START Data section

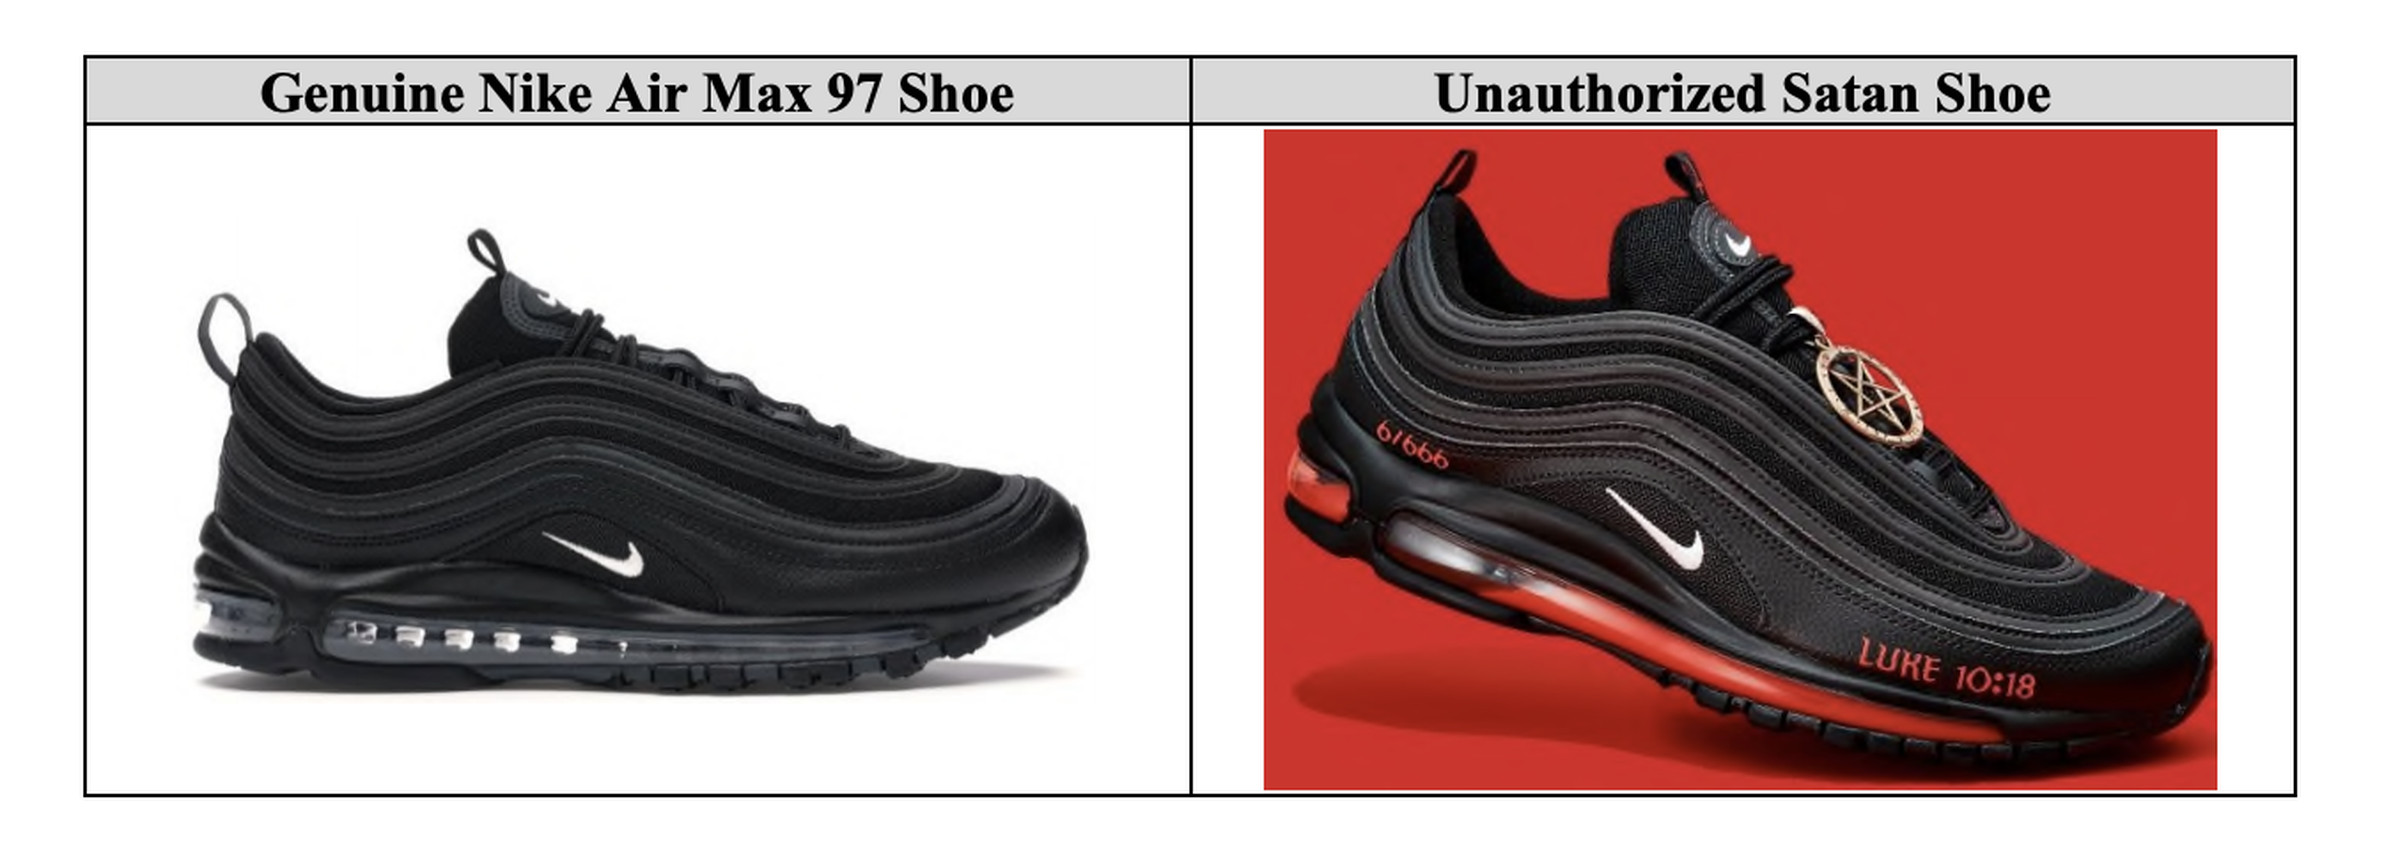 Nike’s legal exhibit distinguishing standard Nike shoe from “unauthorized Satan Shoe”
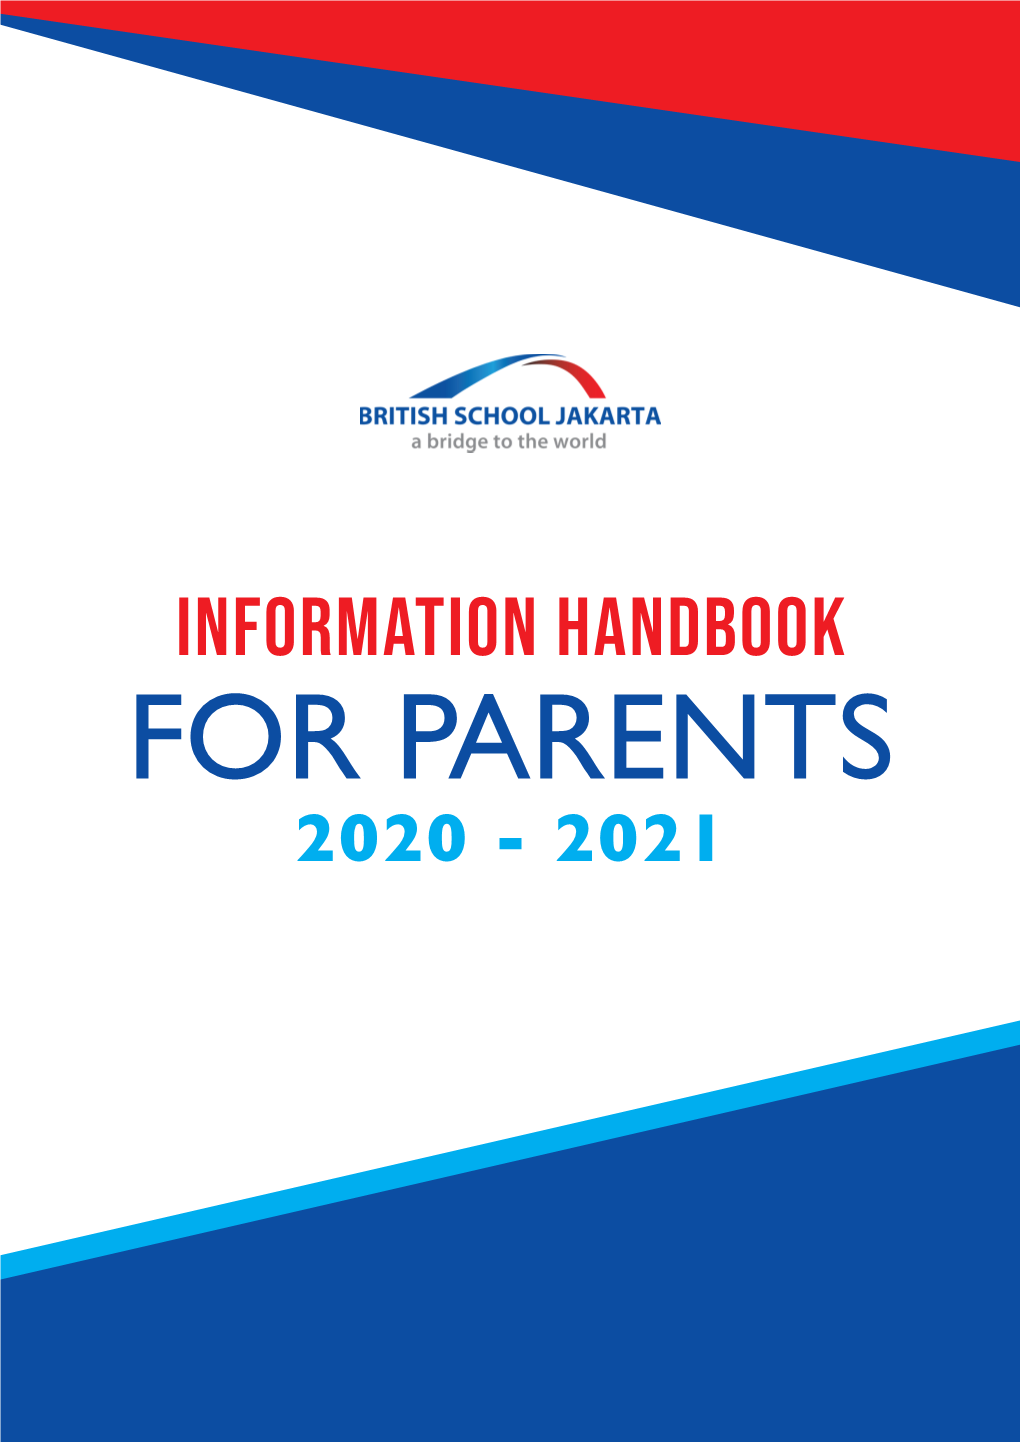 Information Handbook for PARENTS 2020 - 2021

END Data section
START Data section

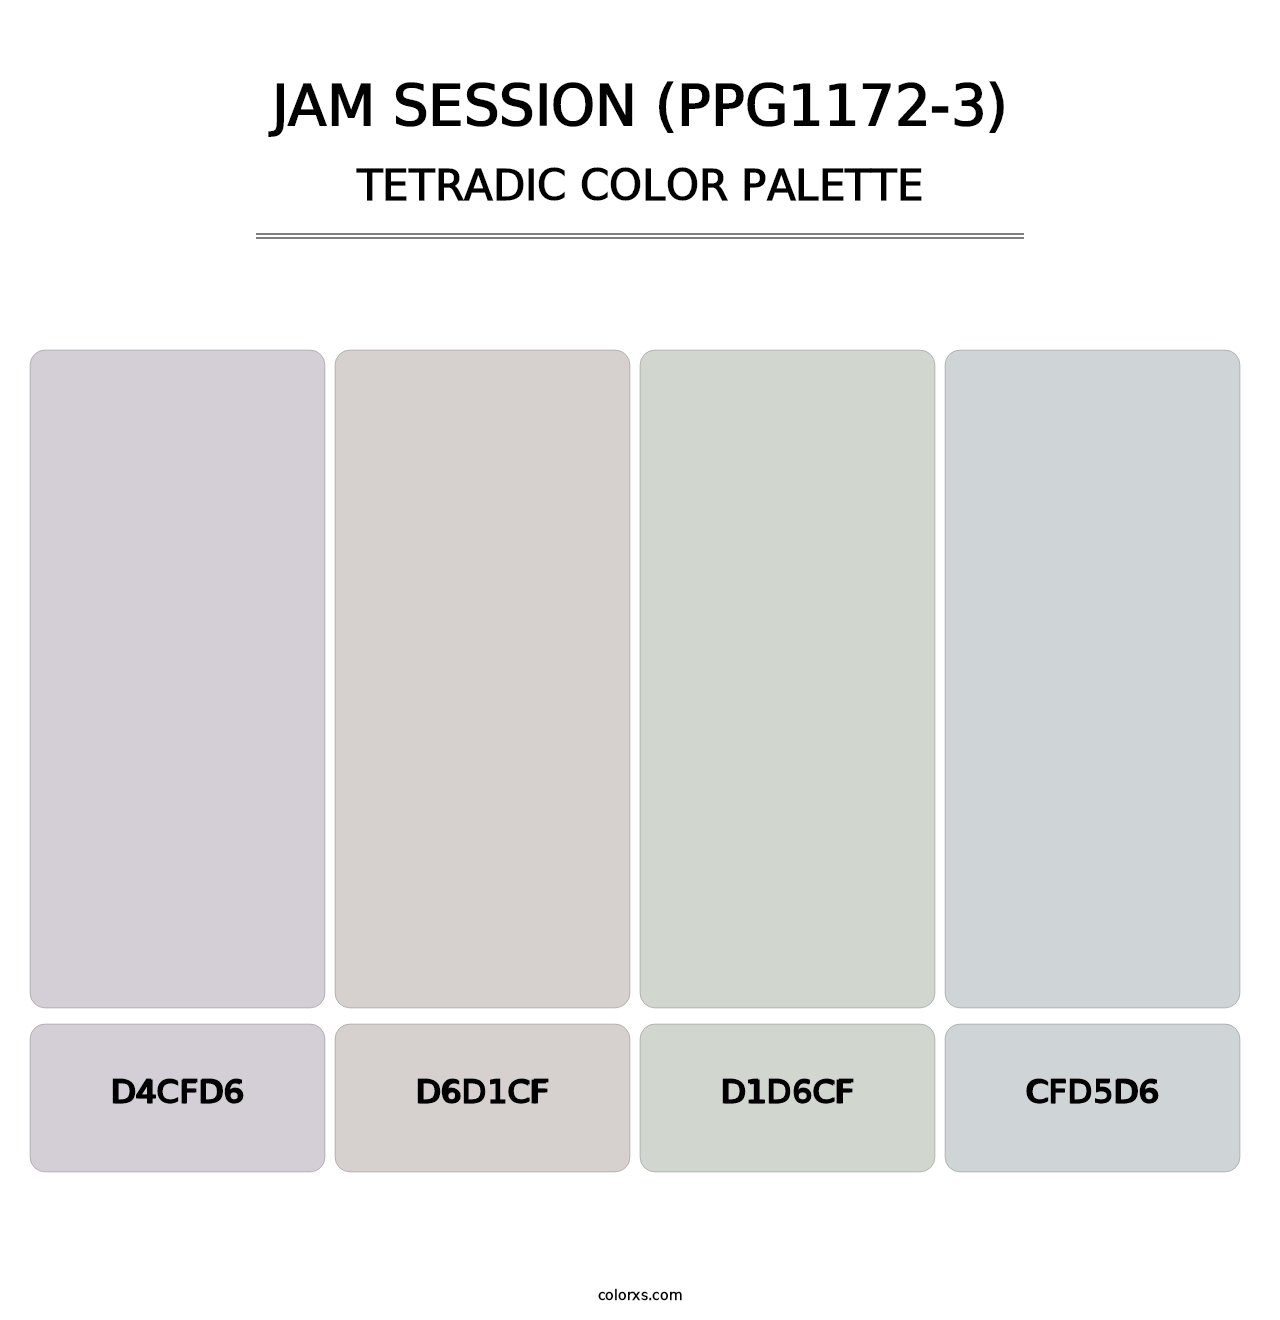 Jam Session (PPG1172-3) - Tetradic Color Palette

END Data section

■ **Exercise brief**: What are the lines above from the one with "Nike’s legal exhibit" to the one with "Information Handbook for PARENTS 2020 - 2021", both included? Reproduce them exactly, without pictures.

■ **Solved problem**:
 Nike’s legal exhibit distinguishing standard Nike shoe from “unauthorized Satan Shoe”
 Information Handbook for PARENTS 2020 - 2021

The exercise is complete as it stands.